Epithelial regeneration occurs in an active soup of plasma proteins

An exclusive in vivo phenomenon, microvascular-epithelial exudation of plasma might not be a well-recognized mechanism in today's topical discussions, which are largely based on data in which the dynamic influence of plasma extravasation is absent. For example, it is not widely appreciated that after disease-like epithelial denudation in guinea pig tracheas, regeneration proteins, such as fibronectin and fibrinogen, emanate entirely from extravasated plasma. At epithelial injury sites, a novel cell sheet consisting of flattened repair epithelium is thus created in a dynamically active, plasma-derived gel milieu. This is also an active defense milieu. For example, basal cell–like epithelial repair cells might need this protection to compensate for their sensitivity to microbial exposure.140, 141 The in vivo exudation milieu seems more important than reflected in the current literature.

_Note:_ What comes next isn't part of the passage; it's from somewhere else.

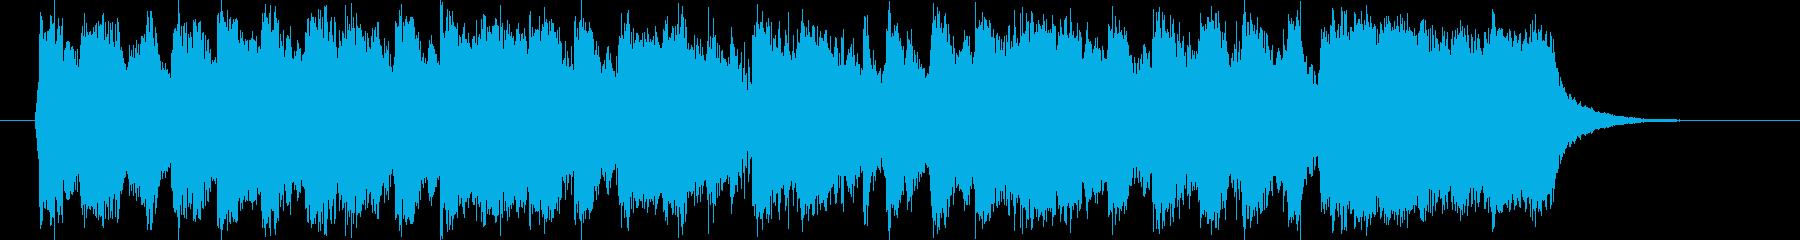 豪華で勢いのあるシンセオルガンサウンドの再生済みの波形

Epithelial denudation in vivo appears to be exceedingly patchy

A helicopter view of wholemount airway preparations has revealed numerous tiny denudation spots after in vivo allergen challenge in guinea pigs. Each denudation patch is a hotspot with intense exudation and repair events.143, 144 Notably, the area of these spots has been much less than the denudation area revealed by sectioning of such a challenged airway wall. Hence although large areas of denudation in histologic preparations can reflect epithelial fragility, they might in part be sectioning artifacts.144, 145

It is not known in detail what decides the patchiness of denudation. Strikingly, this phenomenon is conspicuous, even in airways uniformly exposed to noxious agents, including allergens and dry air.143, 146 Davis and Freed thus carried out segmental dry air challenges in dogs to produce patchy bronchial denudation. Using a wedged bronchoscope, these authors further noted local accumulation of “mucus” and suggested that such material (actual components were not determined) could serve as a surrogate barrier. Mosser et al demonstrated that only a small fraction of epithelial cells became infected when exposed to rhinovirus. This observation is consistent with a patchy distribution of virus-induced epithelial injury. Patchy distribution of epithelial derangement, including early signs of epithelial regeneration, might be common in publicized histologic graphs of diseased airways. Some information on patchy epithelial damage and repair can also be found in studies exploring bronchial mucosal distribution of molecules of interest.150, 151 However, a systematic analysis seems to be lacking.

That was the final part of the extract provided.